Various attempts have been made to develop a less painful and less costly method of removing or at least concealing permanent ink tattoos. One such method disclosed in U.S. Pat. No. 5,833,649 issued to Atef on Nov. 10, 1998, for Method and Kit for Disguising Tattoos, teaches a method of concealing tattoos on an individual which includes the steps of adding various coloring pigments to tattooing ink until a color which matches the person's skin color is attained. The colored ink is brushed over the brushed over the tattoo to conceal it. It may be made permanent by injecting the skin-colored ink into the tattoo. However, this method does not affect permanent removal of the tattoo and must be repeated on a regular basis to maintain the concealment.
Malak discloses Methods and Devices for Plasmon Enhanced Medical and Cosmetic Procedures in U.S. Patent Application Publication No. US 2005/0203495 published Sep. 15, 2005, which suggests that a method of tissue ablation using nanosecond pulses of laser energy which exhibit strong electromagnetic fields may be used in conjunction with magnetic nano bodies injected into the dermis in close proximity to the tattoo ink pigment particles. The laser energy pulses interact with the nano particles to release surface plasmon resonance (SPR) illumination to effectively photodecompose the pigment. Nonetheless, Malak's approach is at this stage theoretical in concept and involves an undisclosed number of painful injections into a tattoo to be effective.
More recently, Smits et al. in U.S. Patent Application Publication No. 2012/0215209, for Tattoo Removal and Other Dermatological Treatments Using Multi-Photon Processing, published Aug. 23, 2012, disclose a system and method for removing a portion of a tattoo using a relatively low energy, multi-photon intense pulse of light to ablate the tattoo ink in a highly localized area.
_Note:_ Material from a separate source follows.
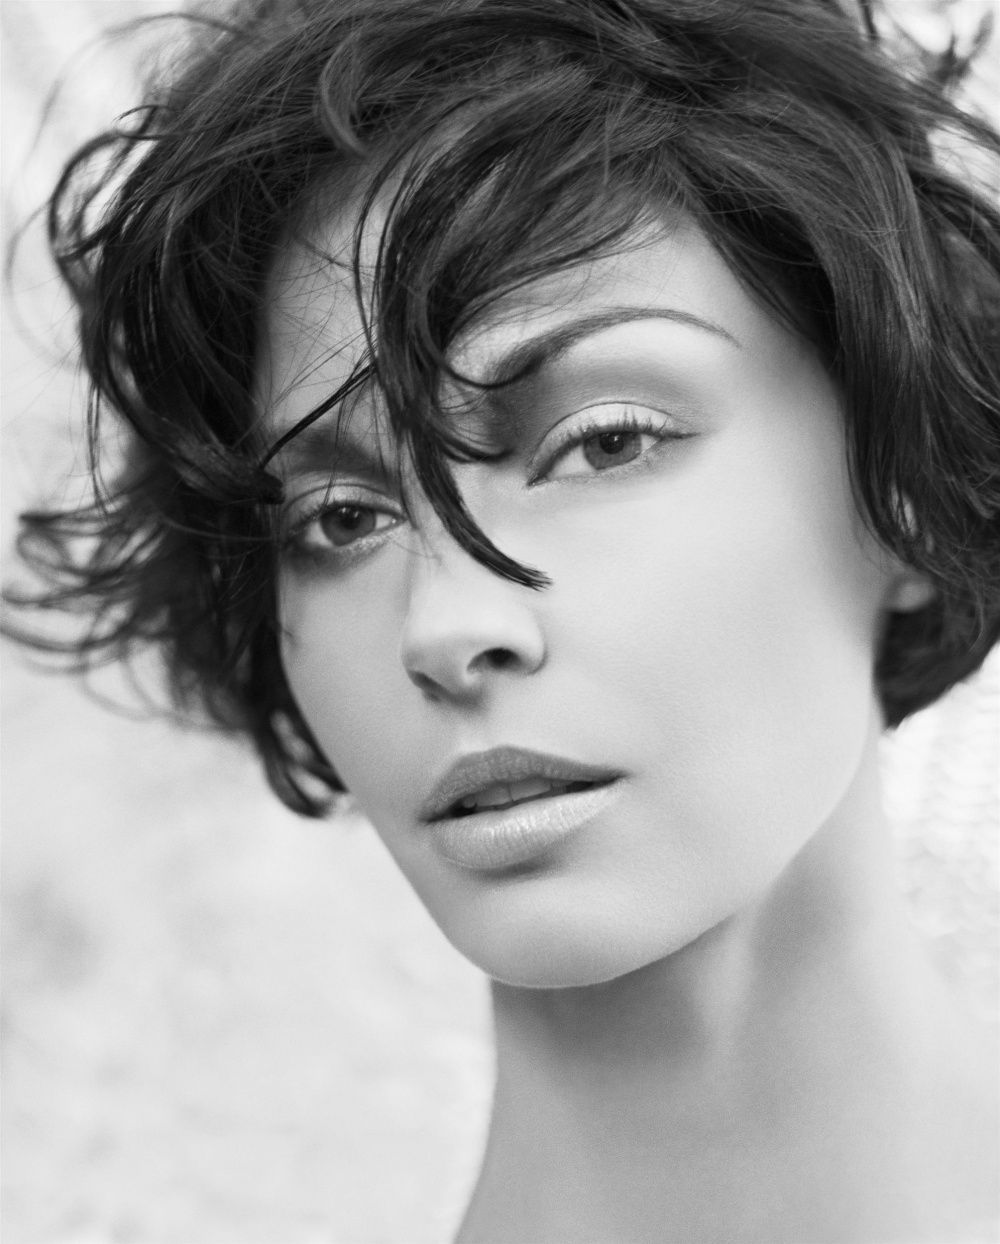 Gorgeous Black & White portrait.

While the Sits et al. process claims to minimize surrounding tissue damage, it does not eliminate it, and the process still requires multiple passes to effectively remove a tattoo.
In view of the foregoing, a tattoo removal system and method is needed which provides for effective, painless, scar-free tattoo removal which may be accomplished economically in a single session without the need for multiple treatments.